Stored data →
::::::

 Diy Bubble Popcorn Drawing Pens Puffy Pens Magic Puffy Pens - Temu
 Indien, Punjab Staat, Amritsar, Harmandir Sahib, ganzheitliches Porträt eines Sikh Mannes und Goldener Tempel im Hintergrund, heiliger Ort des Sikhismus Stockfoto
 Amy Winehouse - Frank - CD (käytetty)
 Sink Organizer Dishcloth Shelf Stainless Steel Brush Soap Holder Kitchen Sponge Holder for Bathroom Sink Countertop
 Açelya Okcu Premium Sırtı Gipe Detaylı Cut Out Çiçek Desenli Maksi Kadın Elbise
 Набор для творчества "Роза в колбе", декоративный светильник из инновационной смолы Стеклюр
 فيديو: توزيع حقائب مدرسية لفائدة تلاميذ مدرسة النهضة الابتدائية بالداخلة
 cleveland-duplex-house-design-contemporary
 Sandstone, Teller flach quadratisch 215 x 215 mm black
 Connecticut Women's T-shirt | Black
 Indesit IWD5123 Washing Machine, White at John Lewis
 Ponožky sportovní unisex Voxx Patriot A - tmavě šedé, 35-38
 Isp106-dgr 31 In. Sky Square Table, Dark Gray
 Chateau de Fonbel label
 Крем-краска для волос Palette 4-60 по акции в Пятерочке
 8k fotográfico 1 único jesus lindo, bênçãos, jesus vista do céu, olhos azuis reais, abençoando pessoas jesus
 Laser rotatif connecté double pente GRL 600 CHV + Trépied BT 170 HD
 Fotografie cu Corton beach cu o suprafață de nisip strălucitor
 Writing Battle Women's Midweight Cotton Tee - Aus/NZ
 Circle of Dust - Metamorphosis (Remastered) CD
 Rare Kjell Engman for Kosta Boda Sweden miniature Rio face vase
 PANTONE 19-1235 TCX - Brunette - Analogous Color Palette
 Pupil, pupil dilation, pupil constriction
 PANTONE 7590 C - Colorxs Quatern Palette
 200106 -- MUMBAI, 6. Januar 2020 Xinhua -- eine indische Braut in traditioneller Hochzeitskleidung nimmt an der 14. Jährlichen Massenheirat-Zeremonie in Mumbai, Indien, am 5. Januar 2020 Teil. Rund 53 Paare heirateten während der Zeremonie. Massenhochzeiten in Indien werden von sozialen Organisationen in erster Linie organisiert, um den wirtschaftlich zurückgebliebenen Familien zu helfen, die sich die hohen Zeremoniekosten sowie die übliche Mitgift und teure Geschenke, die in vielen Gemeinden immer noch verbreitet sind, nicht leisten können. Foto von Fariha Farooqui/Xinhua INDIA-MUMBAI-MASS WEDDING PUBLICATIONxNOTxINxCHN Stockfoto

::::::

THE PROBLEM → Could you return exactly the lines above from the line with "Крем-краска для волос" to the line with "PANTONE 7590 C - Colorxs Quatern Palette", both included, and nothing else?

ANSWER BOX →
 Крем-краска для волос Palette 4-60 по акции в Пятерочке
 8k fotográfico 1 único jesus lindo, bênçãos, jesus vista do céu, olhos azuis reais, abençoando pessoas jesus
 Laser rotatif connecté double pente GRL 600 CHV + Trépied BT 170 HD
 Fotografie cu Corton beach cu o suprafață de nisip strălucitor
 Writing Battle Women's Midweight Cotton Tee - Aus/NZ
 Circle of Dust - Metamorphosis (Remastered) CD
 Rare Kjell Engman for Kosta Boda Sweden miniature Rio face vase
 PANTONE 19-1235 TCX - Brunette - Analogous Color Palette
 Pupil, pupil dilation, pupil constriction
 PANTONE 7590 C - Colorxs Quatern Palette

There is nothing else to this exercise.